=== Dataset extract ===

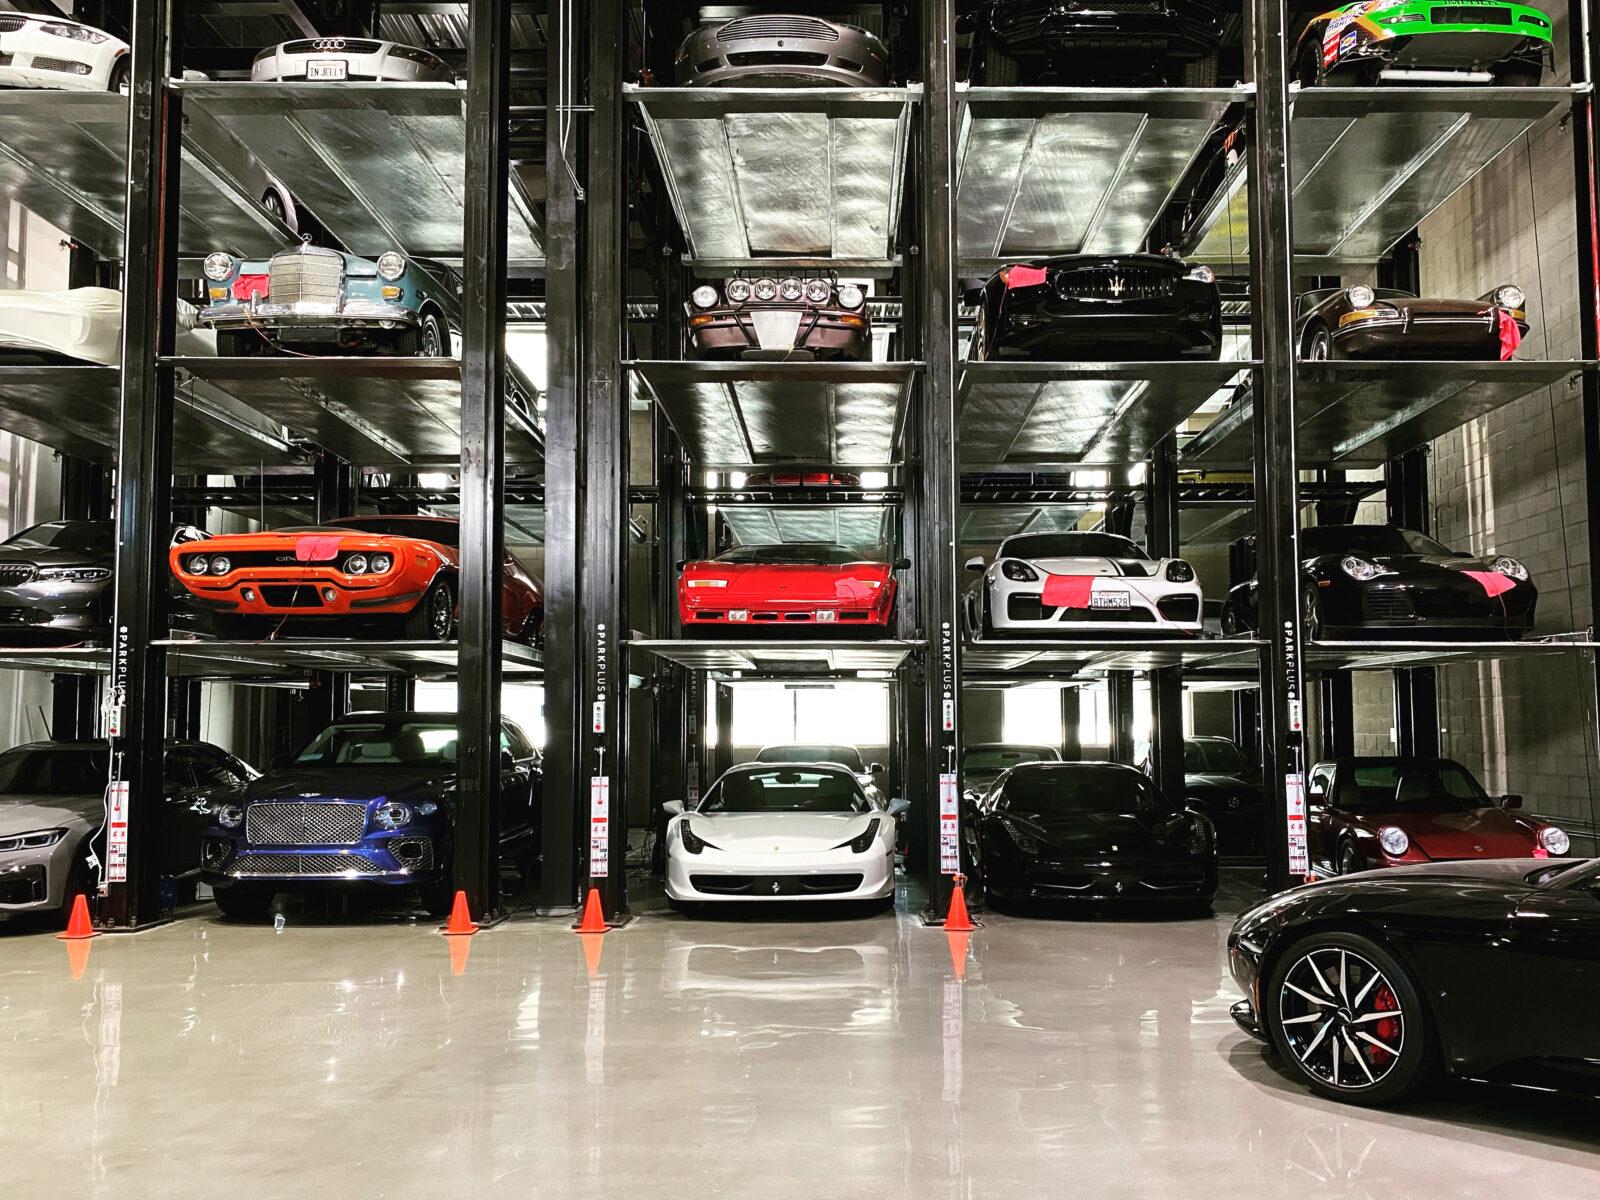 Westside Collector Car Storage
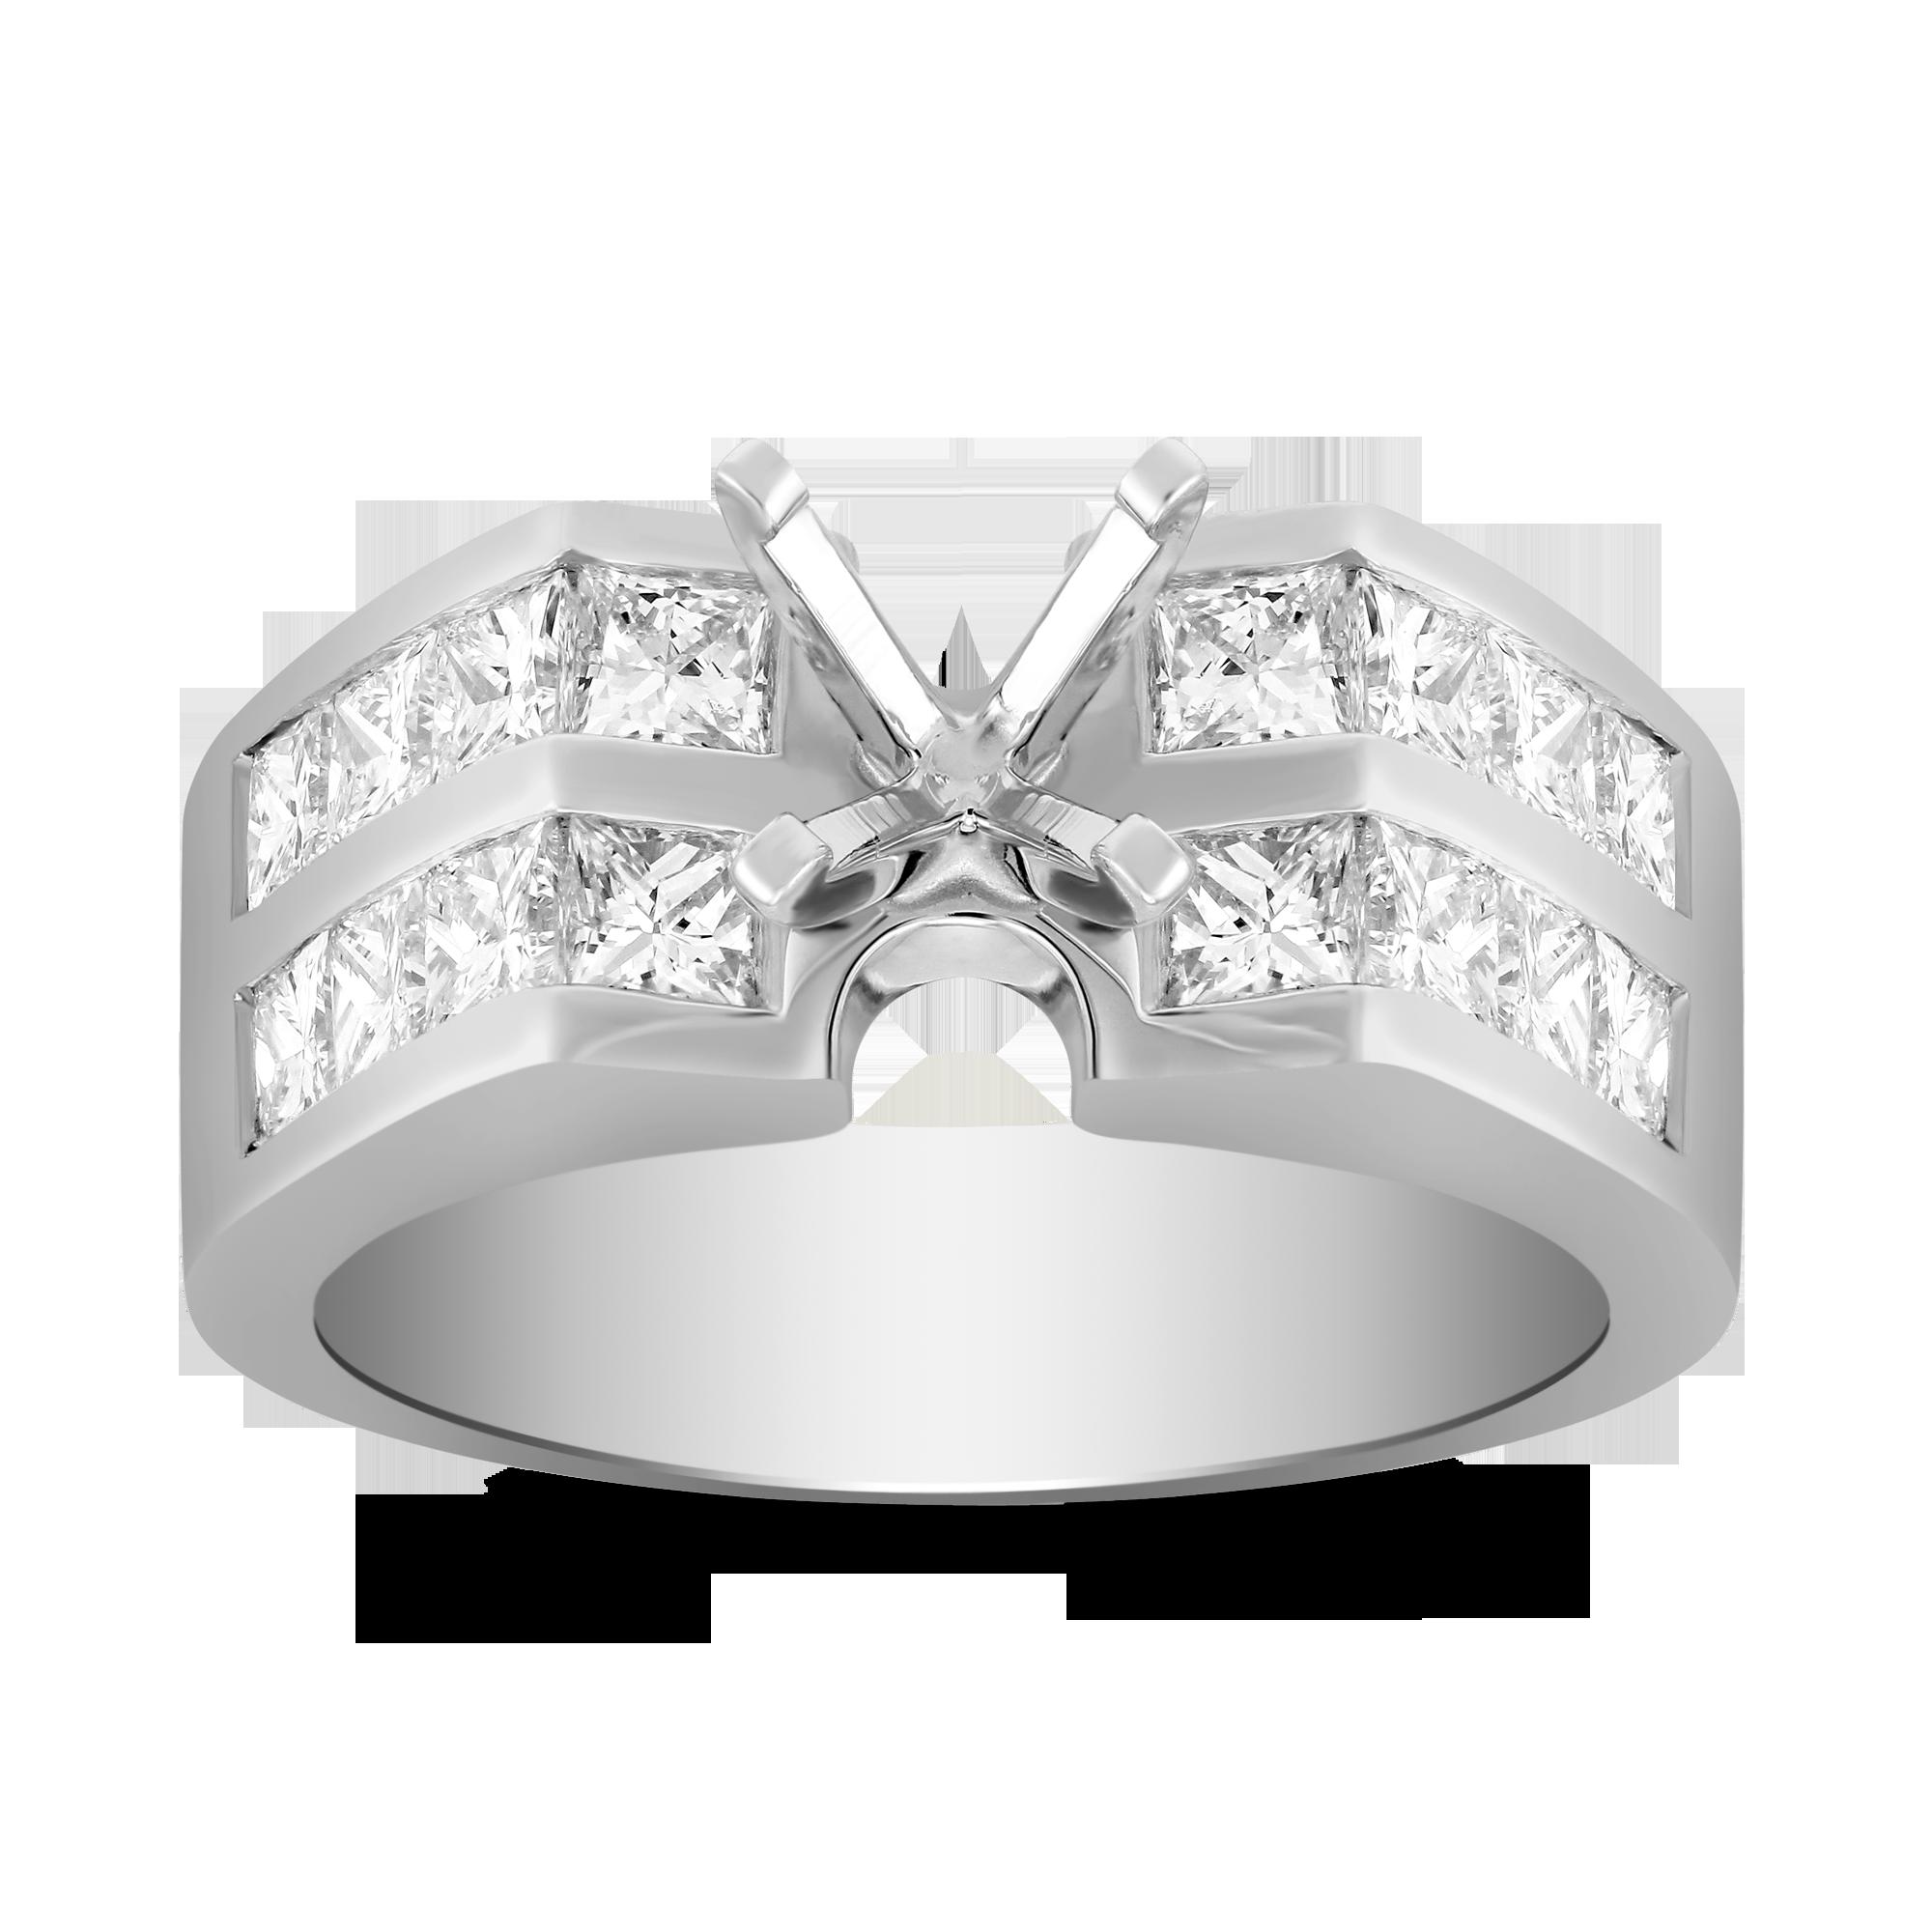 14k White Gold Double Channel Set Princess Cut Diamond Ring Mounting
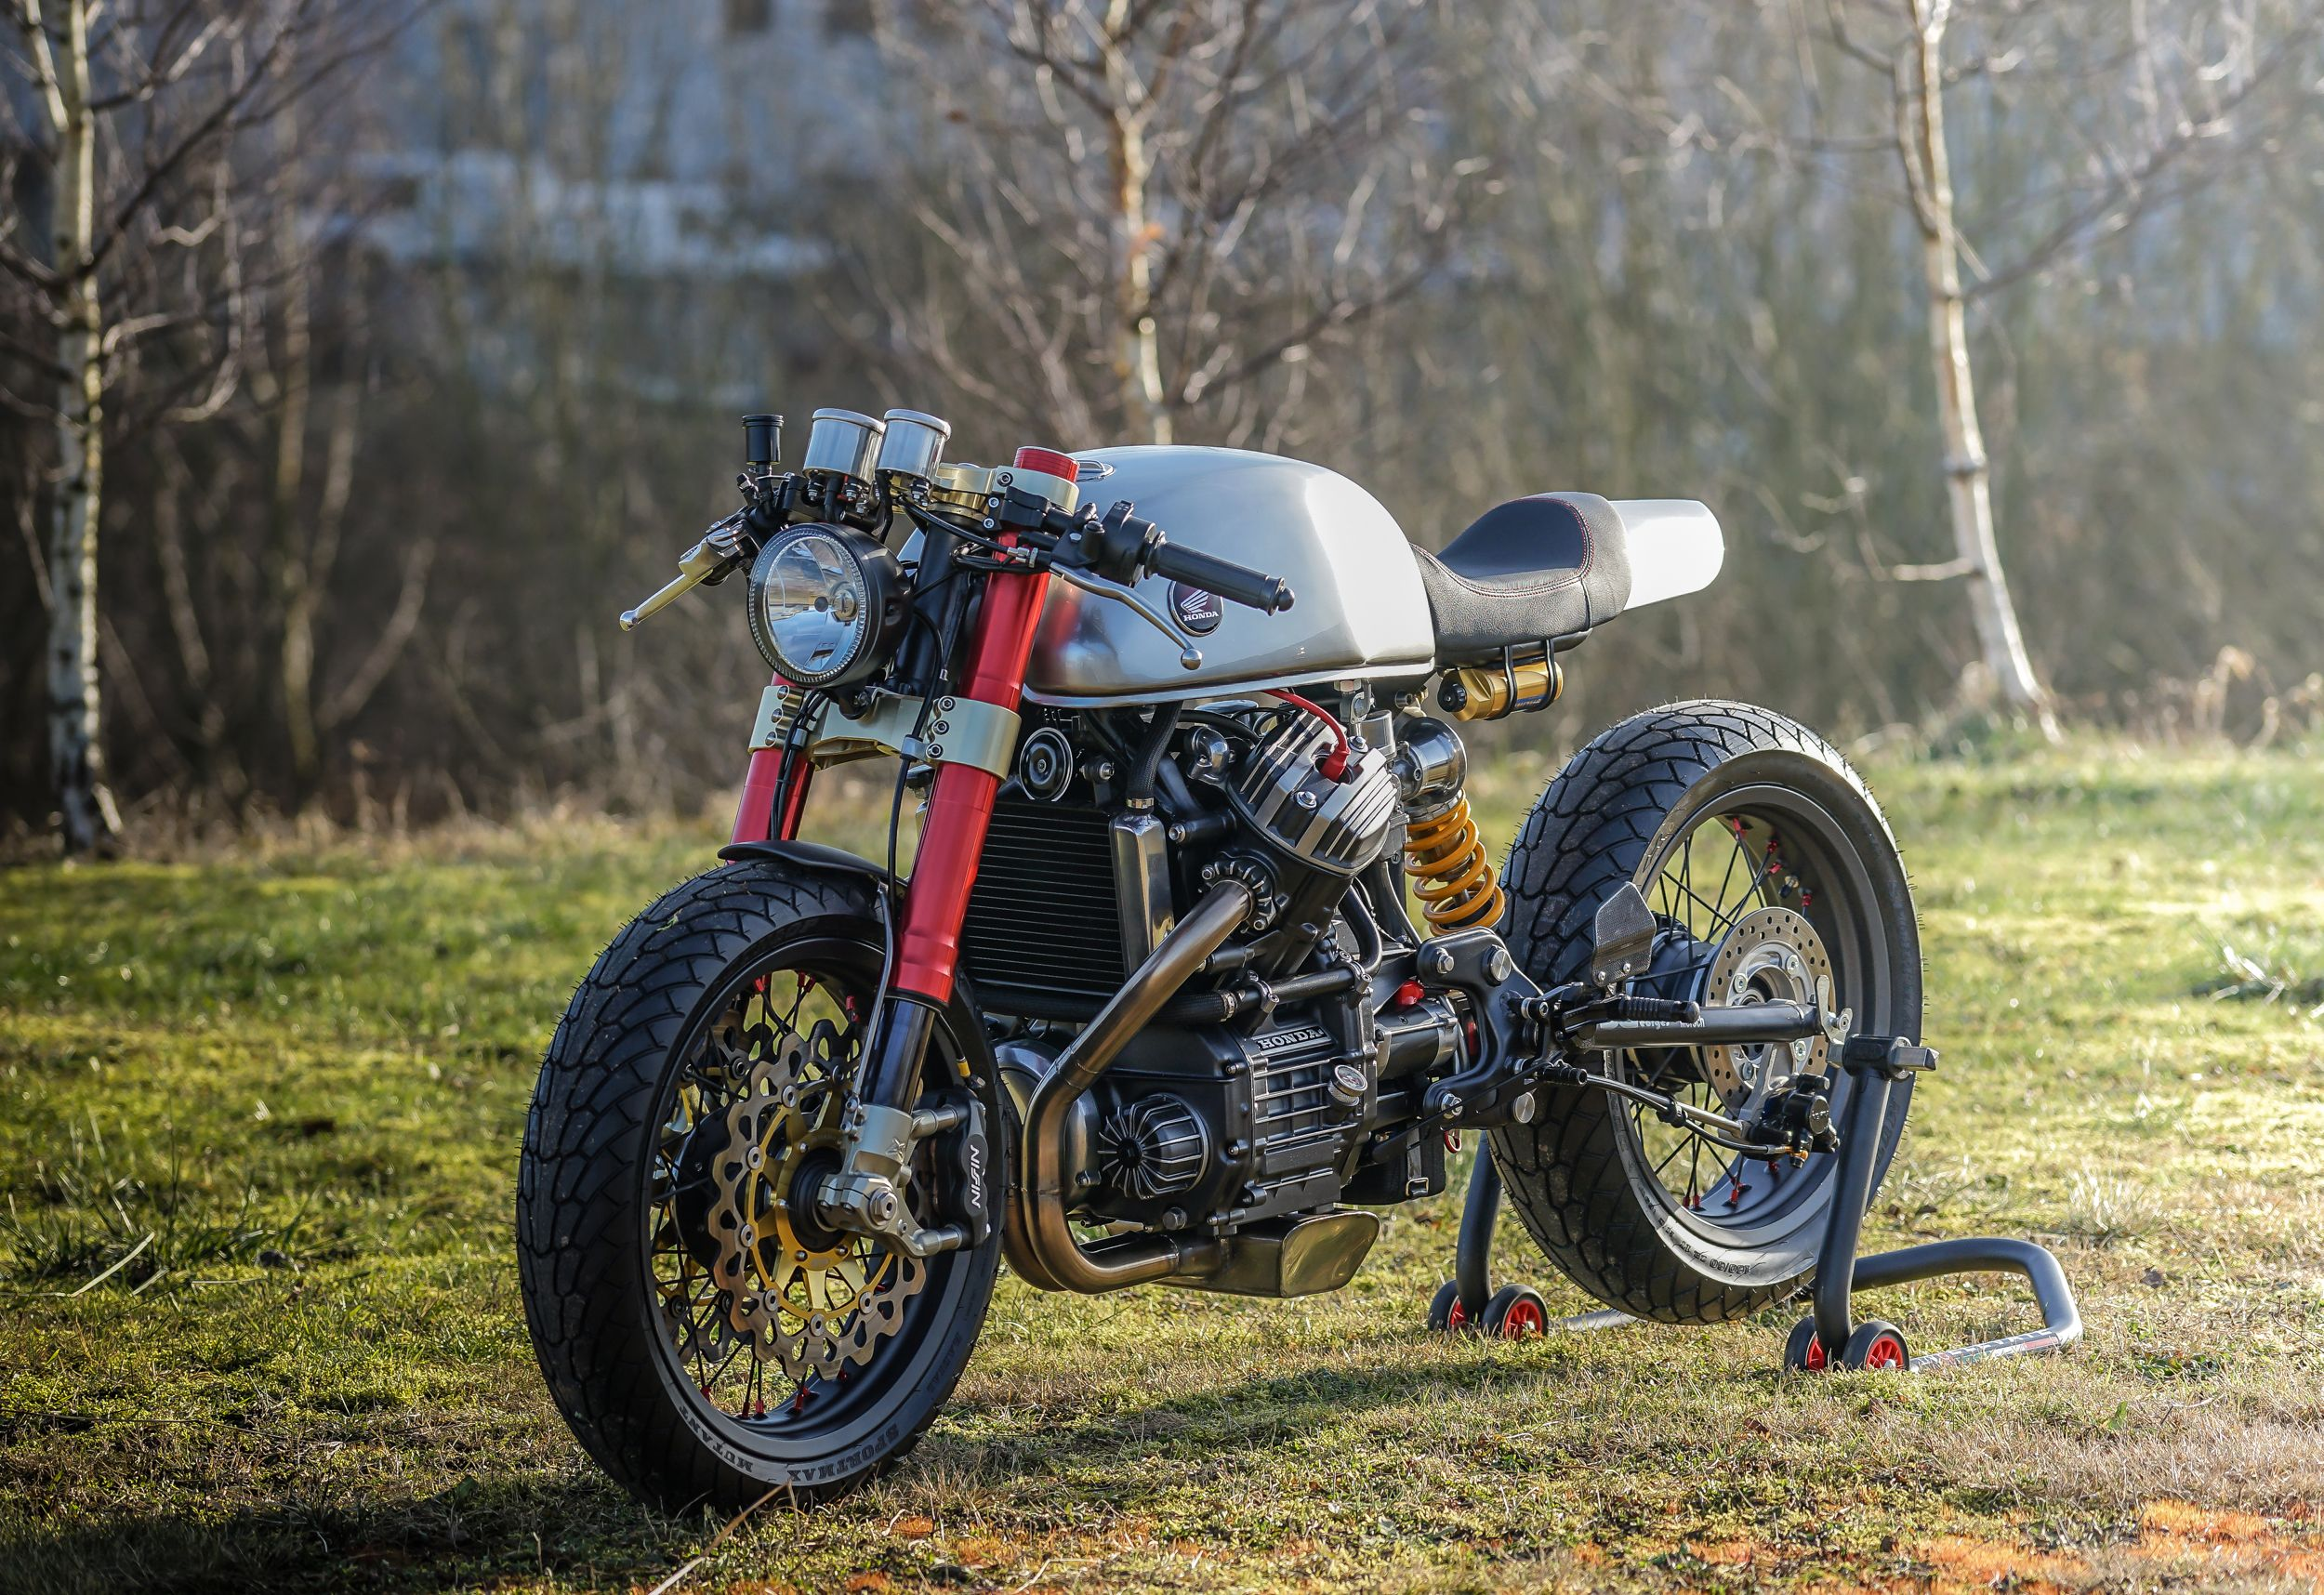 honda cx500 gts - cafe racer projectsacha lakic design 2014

===

▸ What you should do:
Repeat the data exactly, without the pictures.

▸ Exercise response:
 Westside Collector Car Storage
 14k White Gold Double Channel Set Princess Cut Diamond Ring Mounting
 honda cx500 gts - cafe racer projectsacha lakic design 2014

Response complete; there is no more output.